The thesis of The Great Risk Shift flows directly from this striking pattern of inequality. It is that over the last generation, problems once confined to the working poor — lack of health insurance and access to guaranteed pensions, job insecurity and staggering personal debt, bankruptcy and home foreclosure — have crept up the income ladder to become an increasingly normal part of middle-class life. Personal bankruptcies are more than five times as common as they were a quarter-century ago. Mortgage foreclosures are up 400 percent since the early 1970s. Working-age adults with modest annual incomes ($20,000-$40,000) are nearly half again as likely to be medically uninsured than they were in 2000, with a staggering 41 percent going without coverage for all or part of last year. It is families in the middle who frequently fall between public and private protections in our jerry-rigged structure of economic benefits. And upper-middle-class families are increasingly facing the same sorts of insecurities, too — their skills more fragile and their knowledge jobs more insecure than many of them ever expected.

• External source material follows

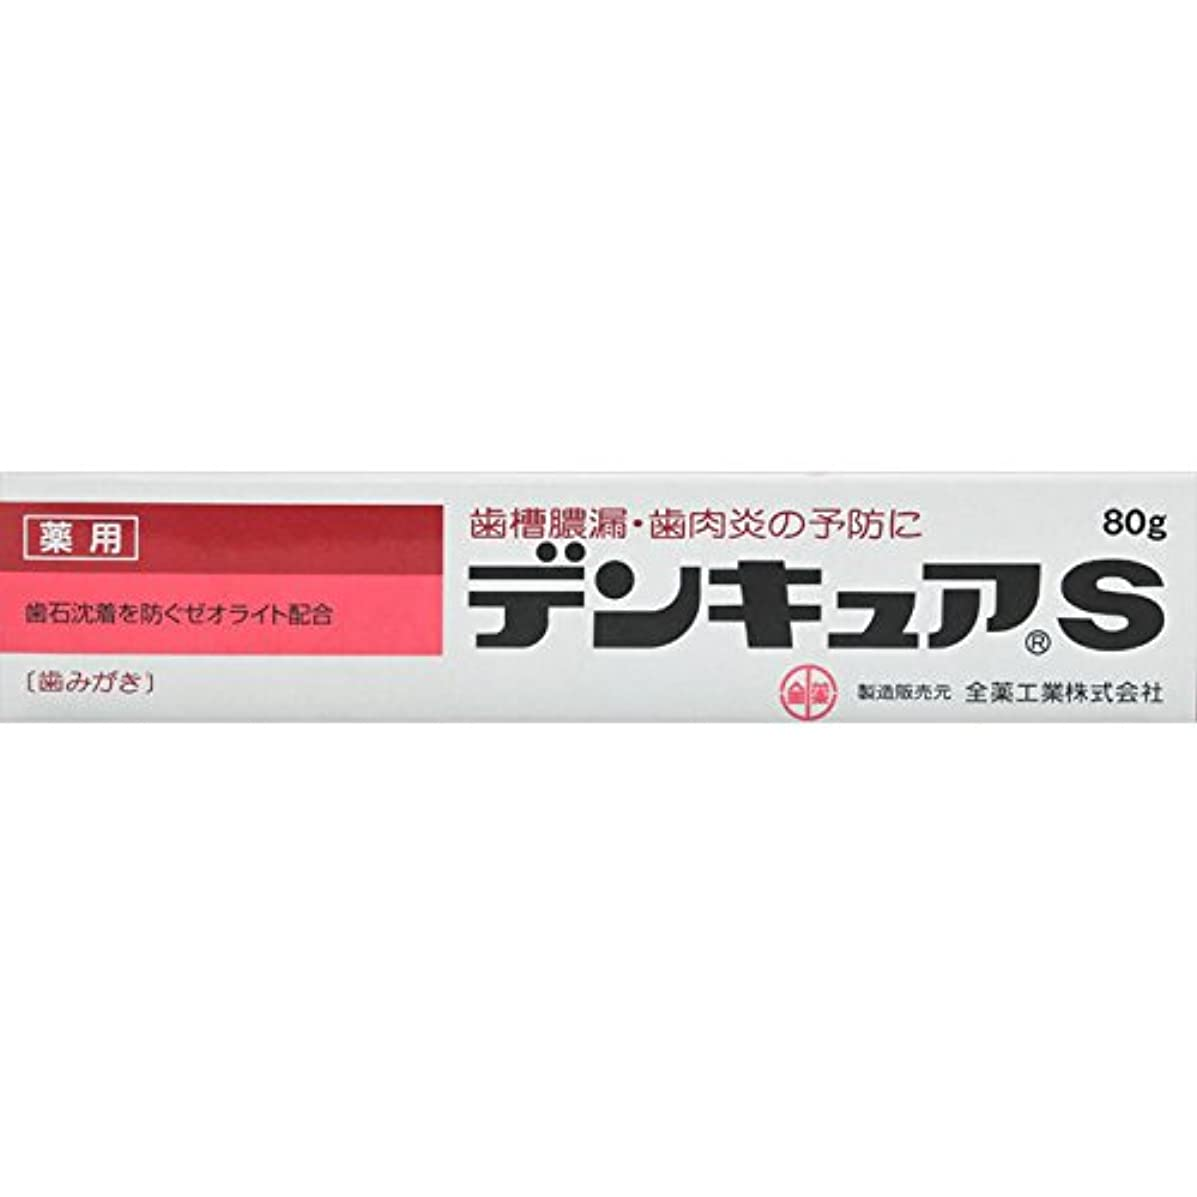 シャンプー企業きらめき全薬工業 デンキュアS 80g (医薬部外品)

I see the problem this way not because it's a politically prudent frame, but because it's the truth. But I do think that insecurity is more likely than inequality to spur Americans and their leaders to action. Larry Bartels at Princeton and others have shown that Americans are aware of rising inequality and are concerned about it, but that they don't connect it to their everyday life. (Paul and I have argued that Larry overstates public support for top-heavy tax cuts, but his broader argument strikes me as absolutely correct.) Americans, moreover, are highly aspirational — they believe in upward mobility and think they will experience it, even as they express broader economic views that are highly populist and increasingly pessimistic.

This faith in opportunity can undercut concerns about inequality, but it shouldn't undermine concerns about economic security — not just because security and opportunity go hand in hand in practice, but also because they go hand in hand in most people's minds. Ever since Loyd Free and Hadley Cantril argued in the late 1960s that Americans are "philosophical conservatives" and "operational liberals" (a point updated by the political scientists John Zaller and Stanley Feldman), it's been clear that Americans believe simultaneously that people should make it on their own and that they deserve basic protections, so long as those protections are seen as available to people "like them."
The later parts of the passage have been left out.